Broaden scope for objections: Ideally, national parliaments should be able to issue objections to EU laws on any grounds they see fit, matching national governments’ ability to do likewise within the Council of Ministers. At the very least, they should also be able to object on proportionality grounds
Apply to existing legislation: Given that a significant amount of legislation was passed before any form of national parliament objection existed in EU law, the new red card should be able to apply to any existing legislation.
The red card could also be supplemented by domestic changes such as introducing a Nordic-style mandate system that requires government ministers to agree a position with the relevant UK parliamentary scrutiny committee before agreeing to anything at EU level. However, such changes are no replacement for reform at the EU level.
As noted above, the threshold at which the red card can be triggered is crucial. A high threshold will be easier to negotiate but very difficult to reach, rending the mechanism useless in practice. The obvious temptation would be to set the threshold at the level of the orange card – which would require half of national parliaments across the EU to object, an almost impossible threshold to meet in practice. David Cameron should therefore resist this temptation and push for a red card which could genuinely put national parliaments back in control.
@andrew_lilico In form we propose, or in any form at all?
@RaoulRuparel I believe once something is an EU-level policy competency, there's no way EU institutions will accepts parliament vetoes
@RaoulRuparel Sorry. I now see your qstn. Iean Cameron's proposal has no chance. No special criticism meant of your version.
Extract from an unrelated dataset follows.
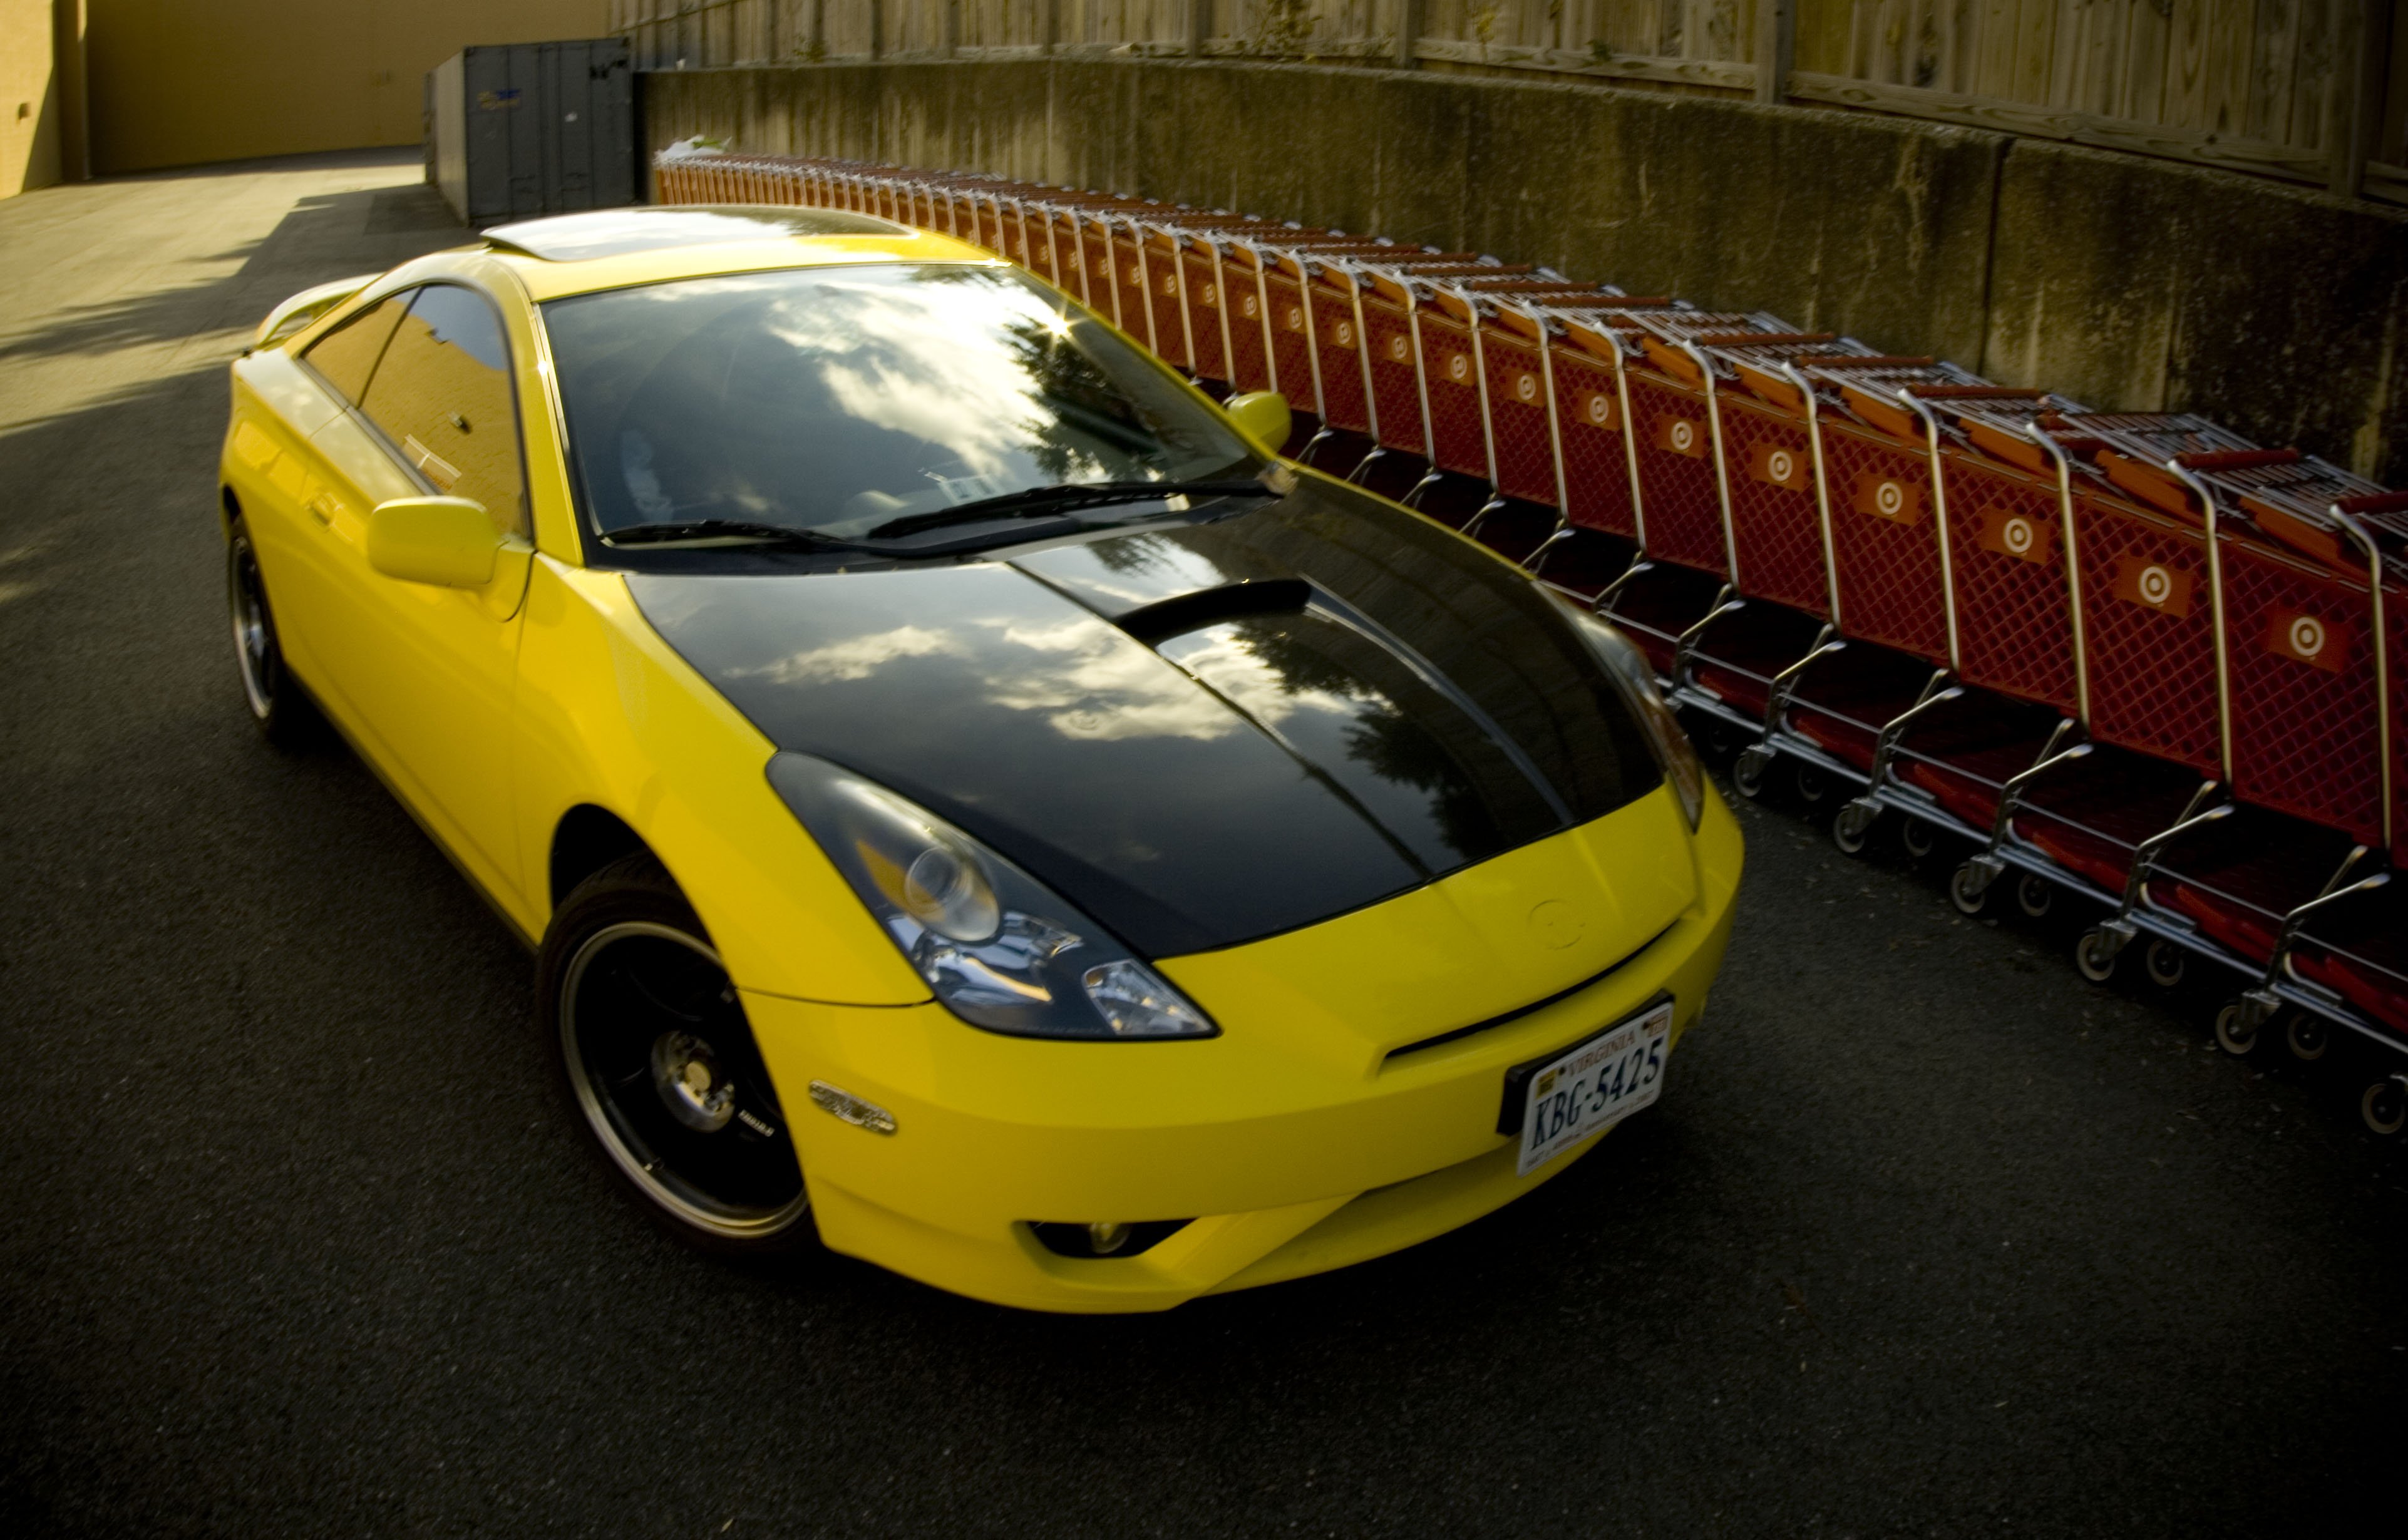 toyota, Celica, Cars, Coupe, Japan Wallpaper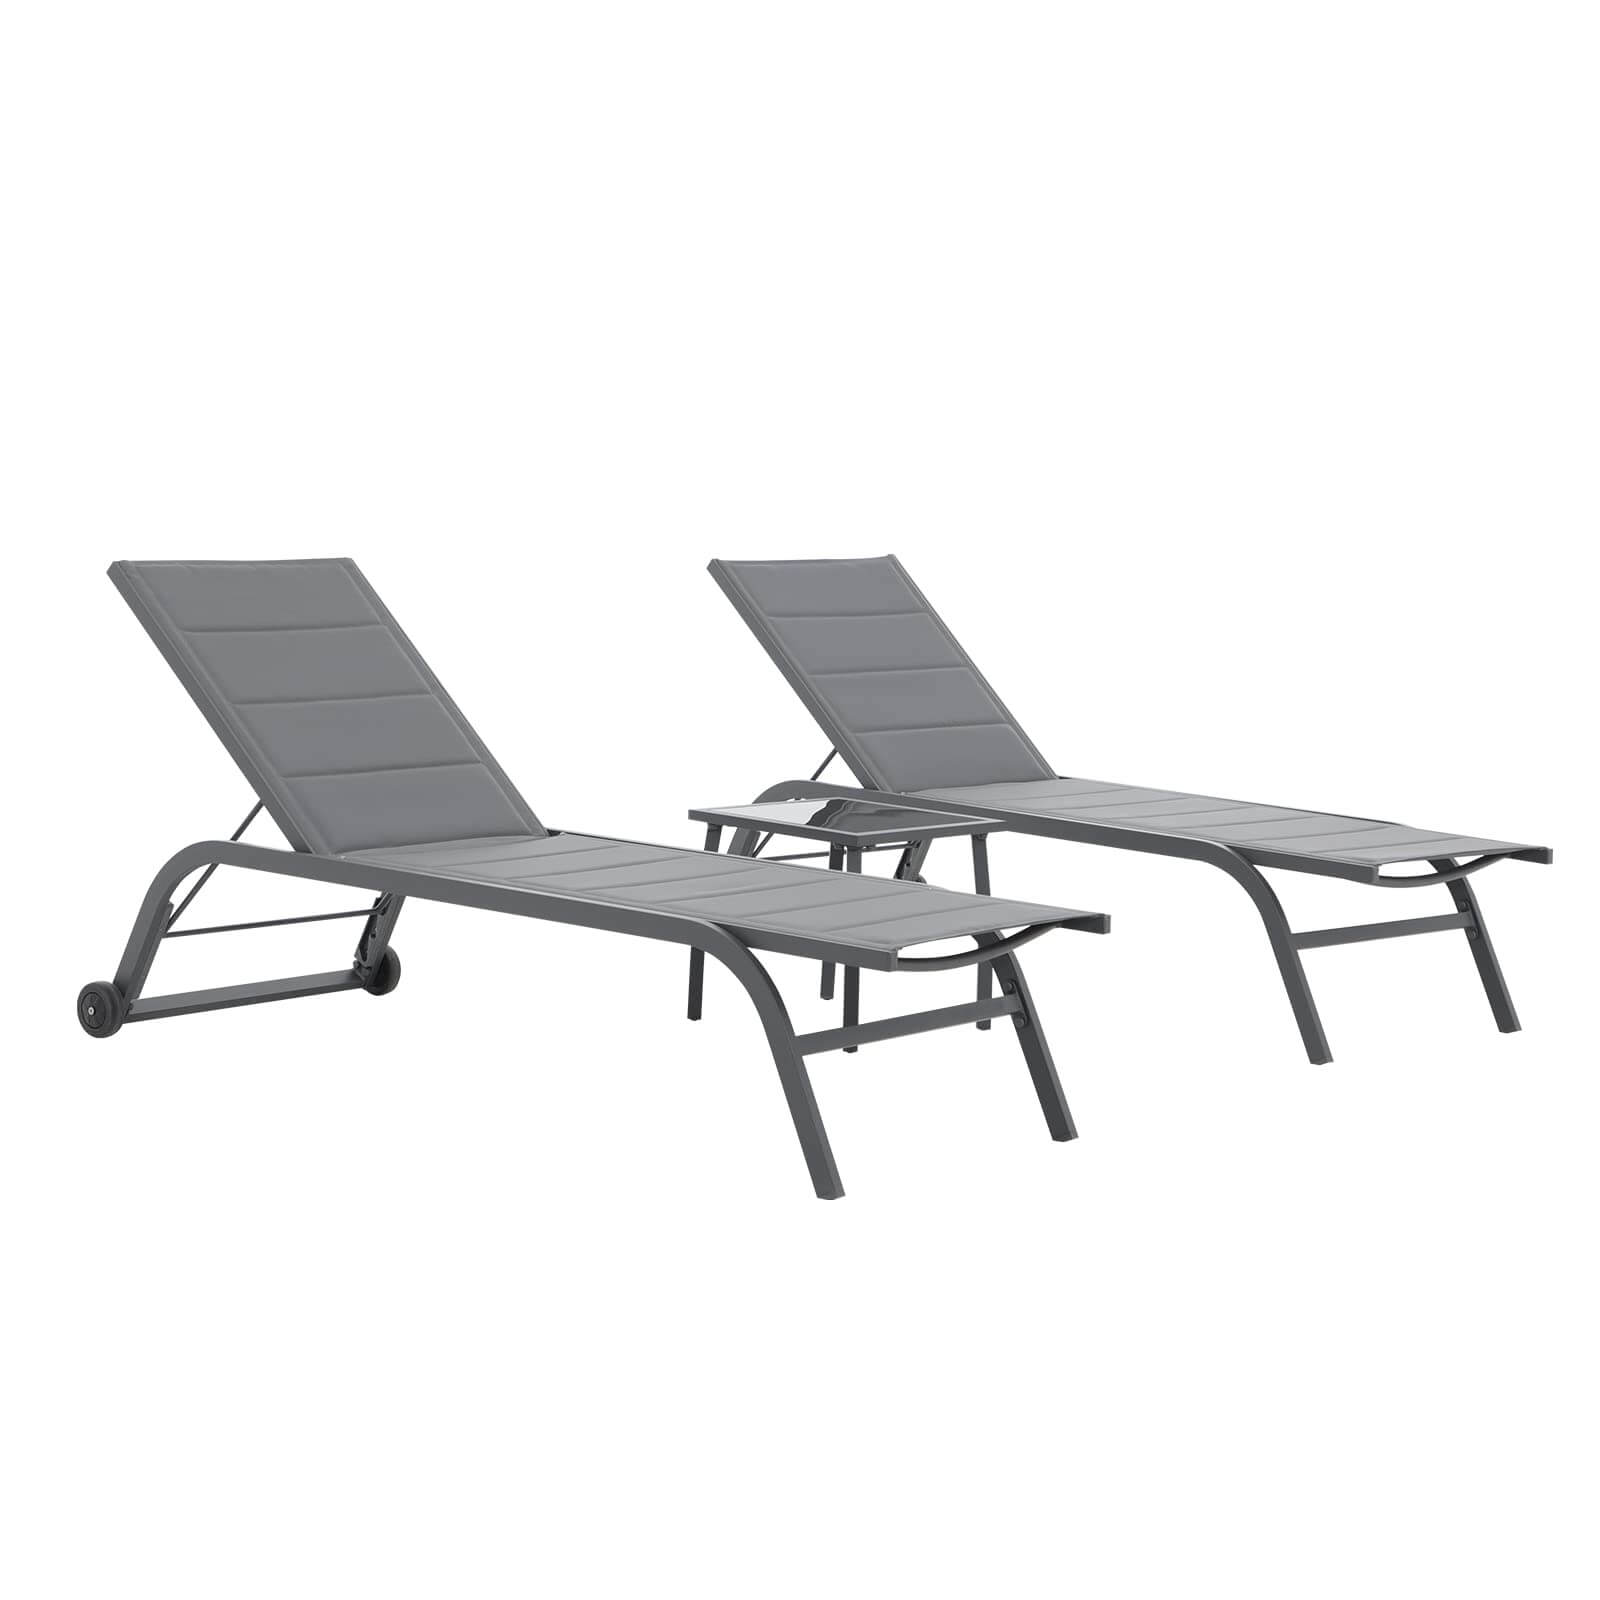 Outdoor Patio Chaise Lounge Chair Set of 3, Aluminum Textilene Padded Adjustable Recliner w Wheels, Side Table

@andrew_lilico Fair enough, I expect they may agree something, but q is whether credible, hence why we outline some measures to make it so
.@RaoulRuparel One other thing. In thinking abt Cameron's "red card" proposal, it's crucial to grasp that insulating policy-making from+
.@RaoulRuparel +democractic accountability at national Parliament level is one of the main *points* of making the EU competent in an area+
.@RaoulRuparel +The lack of democratic accountability to member state Parliaments is thus a *feature* & *goal*, not a bug or weakness.
@andrew_lilico That's why need to convince them is important to help reverse democratic deficit & rise of populist parties. Time 2 change
.@RaoulRuparel They'll "reverse the democratic deficit" by having pan-EU elections for EU President. That's where all this is going - & fast
@andrew_lilico Not sure how fast, but if that's how they try to do it then UK probably should & will leave
.@RaoulRuparel Either the next EU president or the one after that will be formally elected. Even Juncker tried to claim he was.
At best a waste of time, at worst a cynical attempt to deceive. In the 1975 referendum we were promised that the UK Parliament and government would always be able to unilaterally exercise a veto on any EEC proposal, our own national veto not a collective veto to be exercised by a group of national parliaments, and nothing less than that will do.
Since the UK struggles to get any country to agree with it any level above above our own level of control will effectvely render any card system irrelevant.
@pswidlicki How possible without treaty change?
@mark_johnston See exec summary of full report openeurope.org.uk/intelligence/b…
@pswidlicki So wrong in law (penultimate bullet point) as #EUCO is not empowered to do such a Decision nor to change Treaties. (Art 15 TEU).
@mark_johnston Would not require full Treaty change immediately - agreement would essentially replicate Danish one in wake of Maastricht
@pswidlicki which was not binding. (And so far as I can tell did not affect procedures in the institutions.)
Souvereignty is very likely the main issue in the referendum campaign. Likely connected with things like immigration. Just look at the recent Telegraph poll more than 30 000 had answered 65% gave it is the most important issue. Apparently the UK electorate caught that point.